- **WHAT THIS TASK INVOLVES**:
Please repeat exactly the lines below from the line with "UK Trotting Glasses, Nova 3 model" to the line with "Weatherproof Multi-function Pet", including both, and leave out every picture.

- **DATA FOR THIS TASK**:
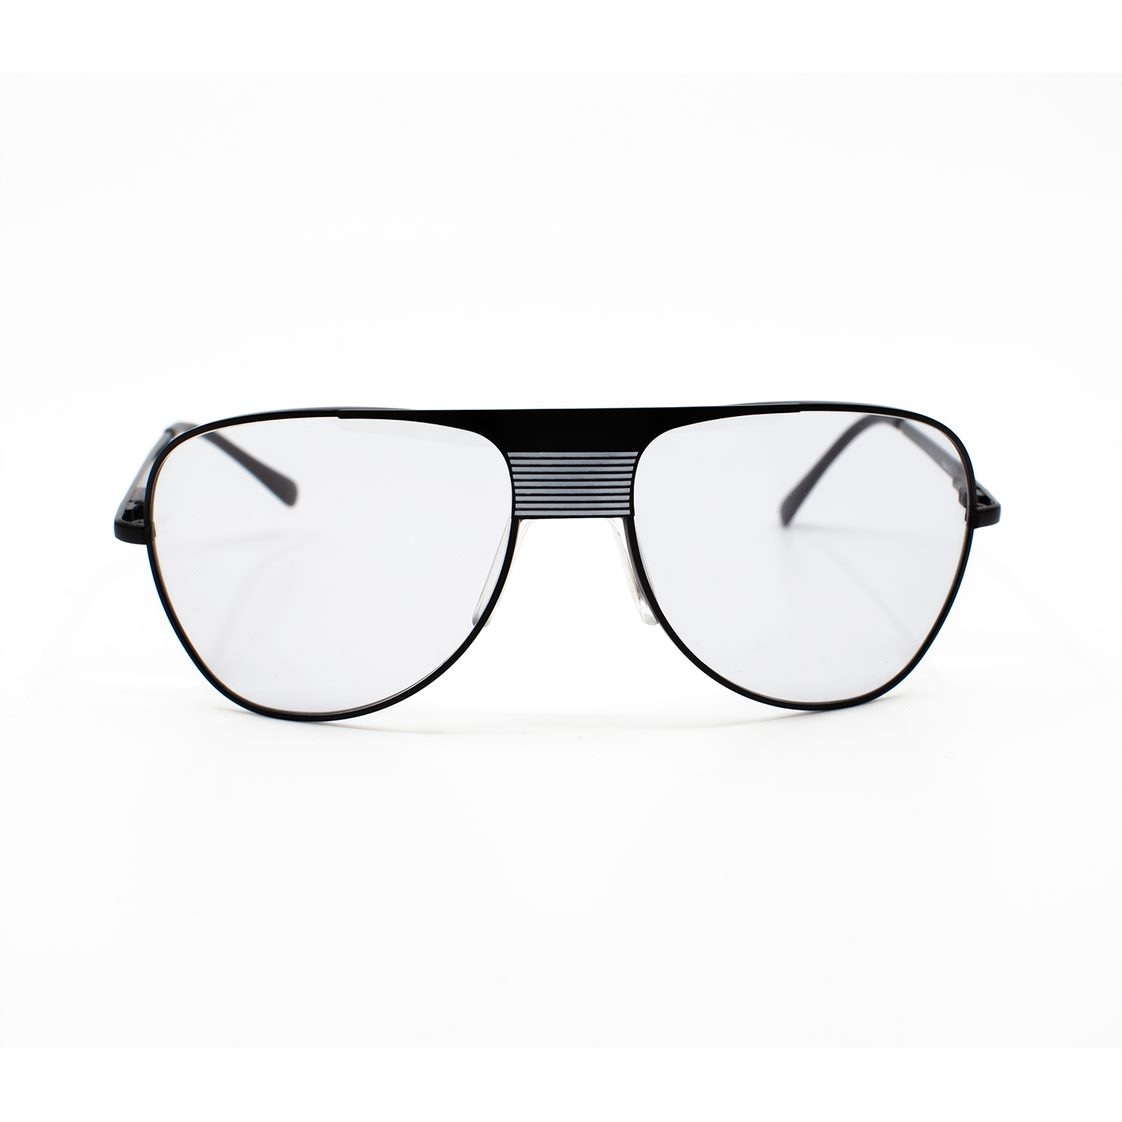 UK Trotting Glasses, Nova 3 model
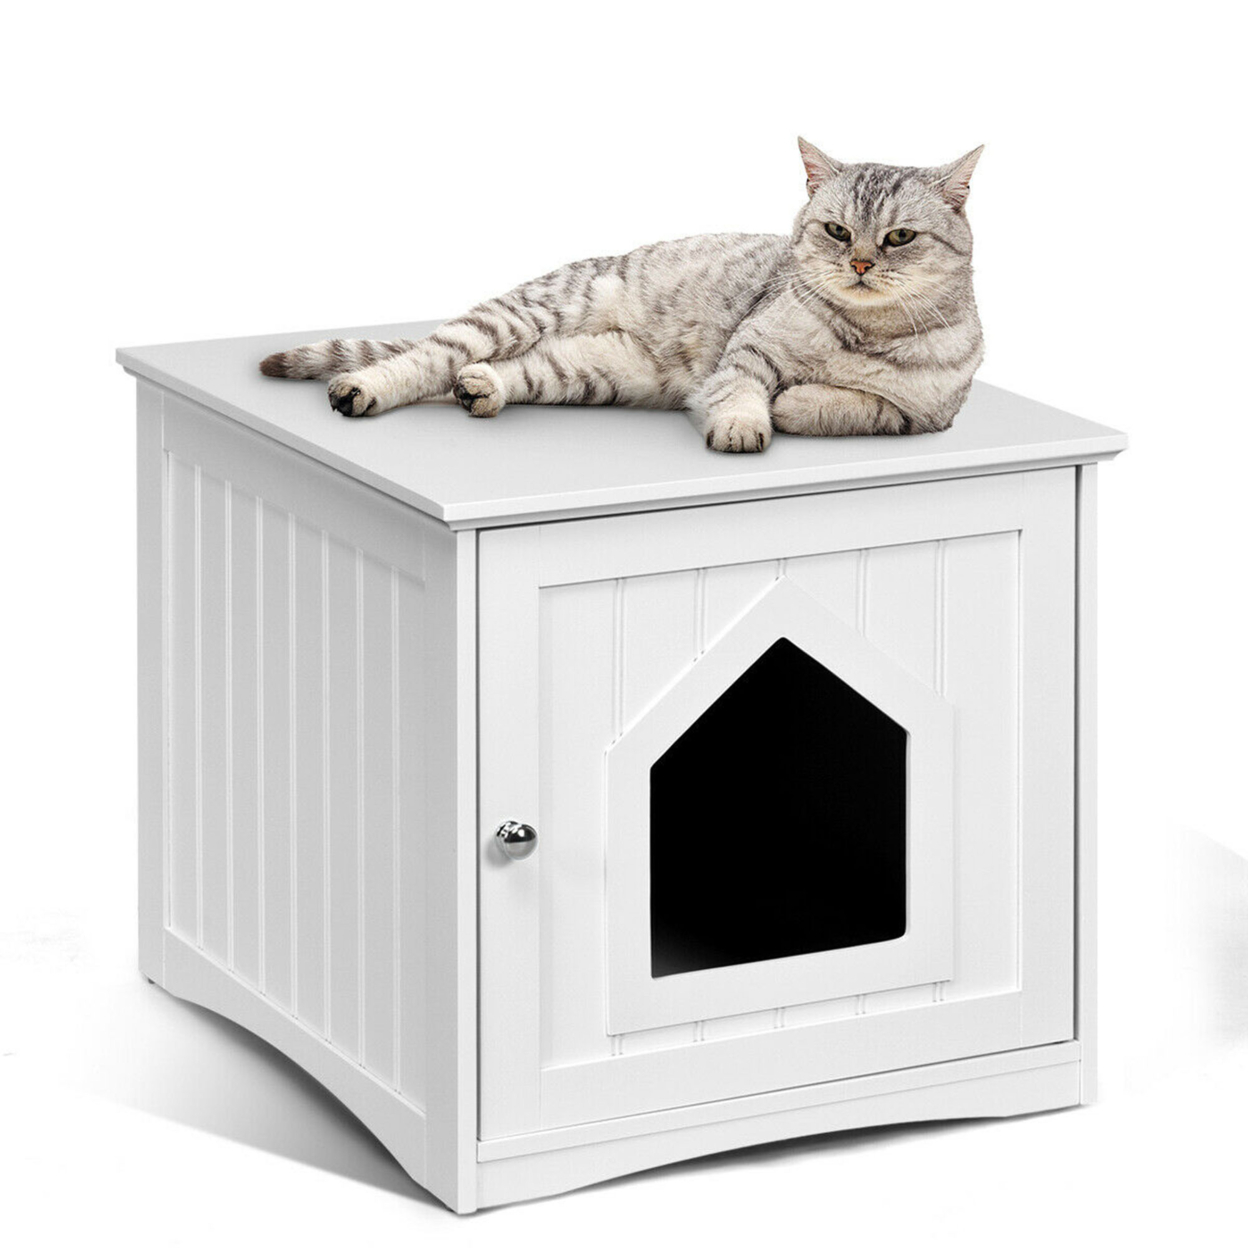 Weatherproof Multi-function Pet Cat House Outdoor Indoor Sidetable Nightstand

...

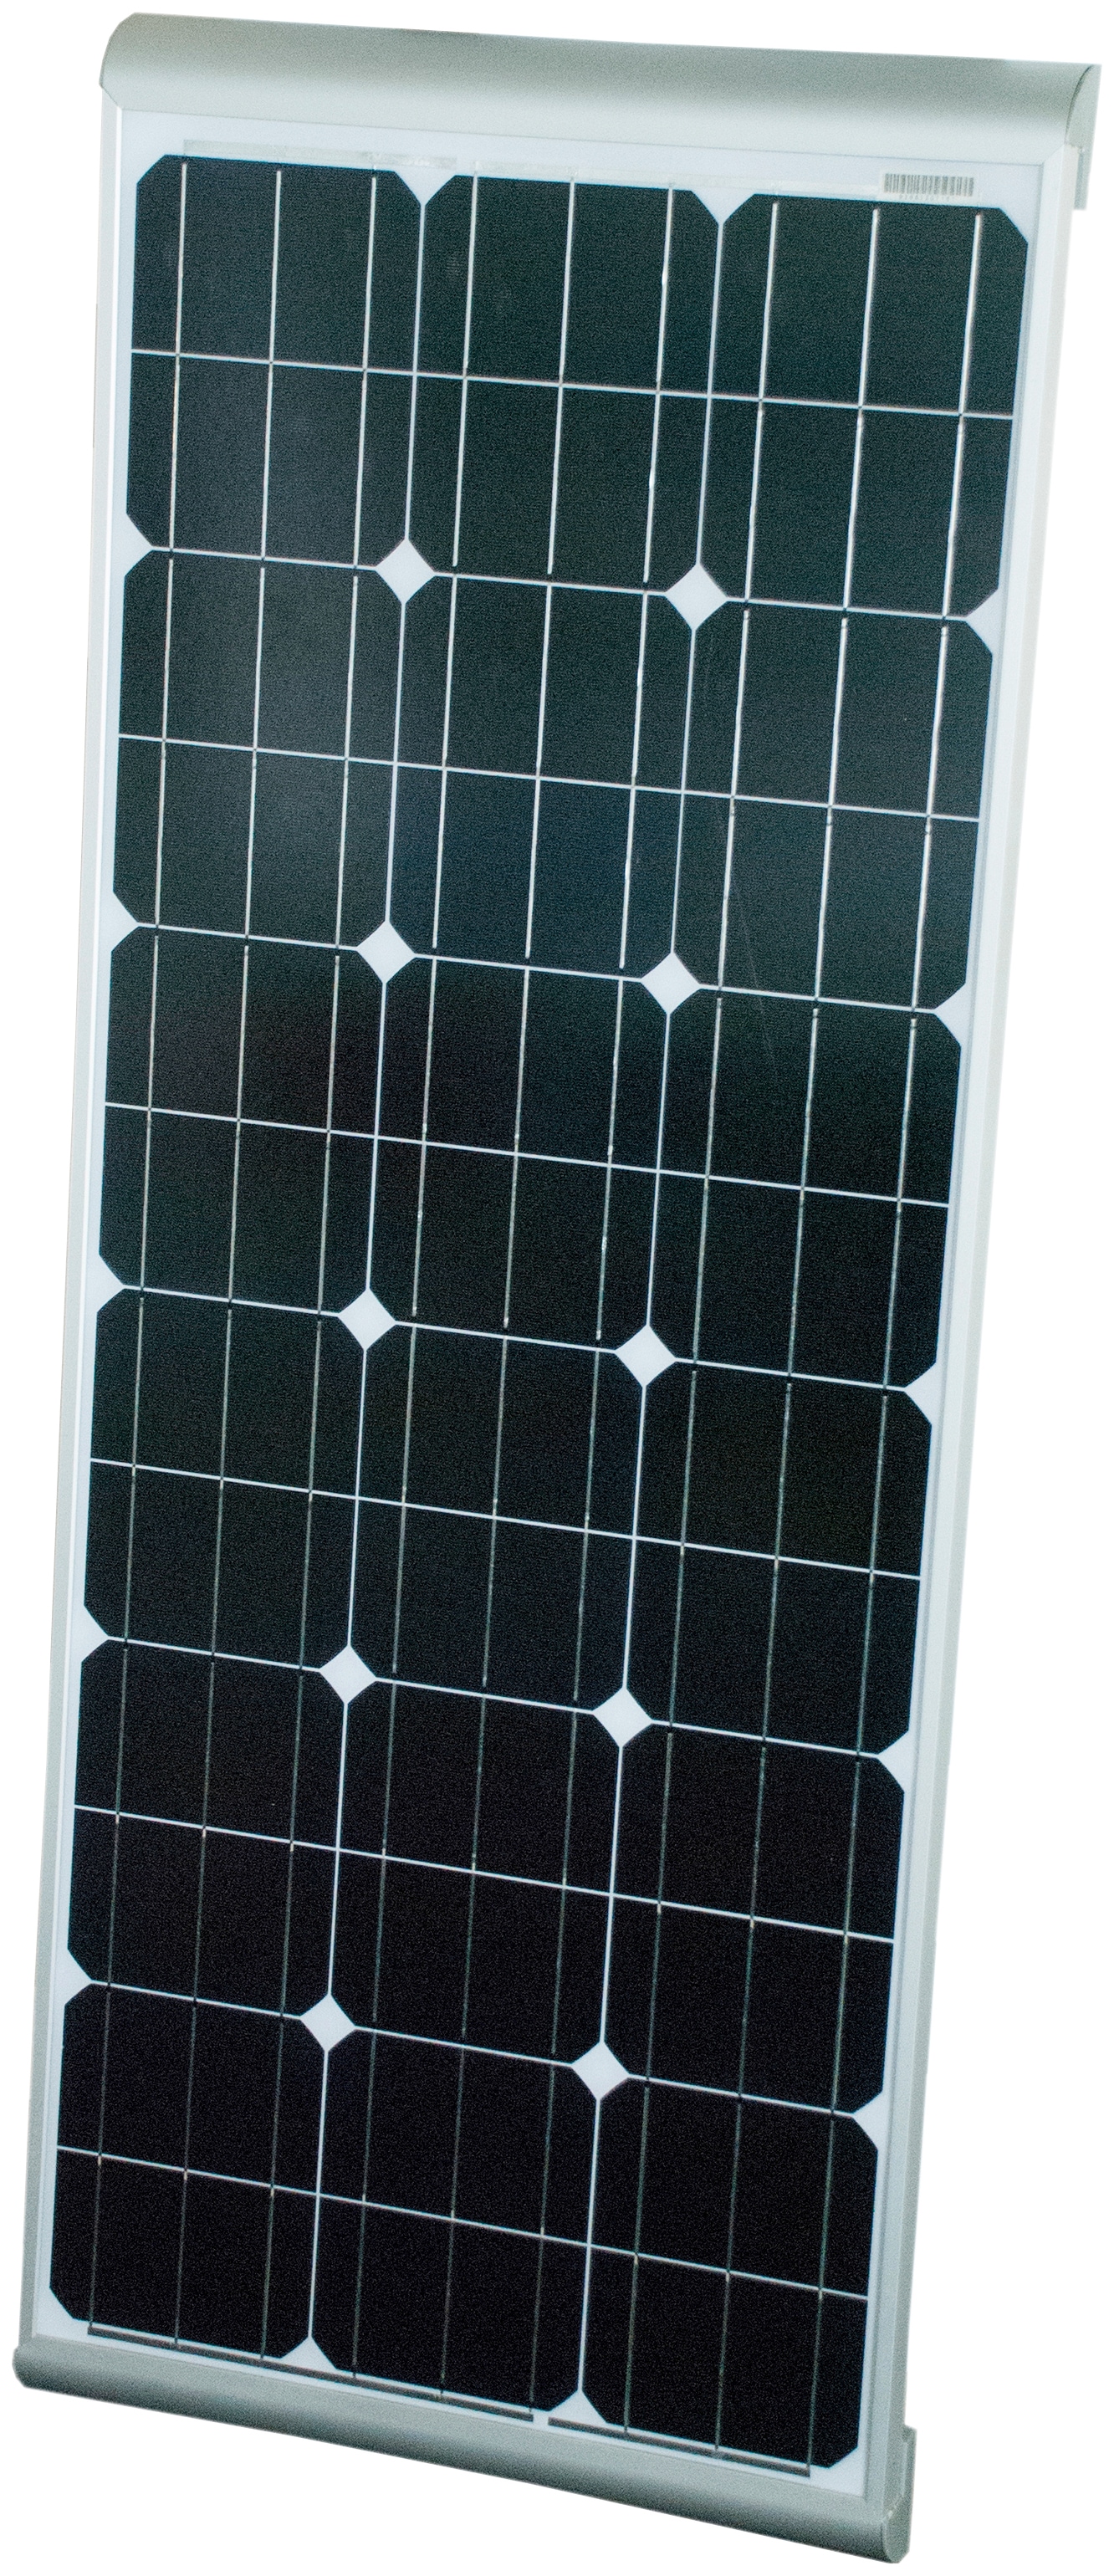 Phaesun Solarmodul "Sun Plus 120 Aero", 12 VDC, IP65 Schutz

- **REPLY TO THE EXERCISE**:
 UK Trotting Glasses, Nova 3 model
 Weatherproof Multi-function Pet Cat House Outdoor Indoor Sidetable Nightstand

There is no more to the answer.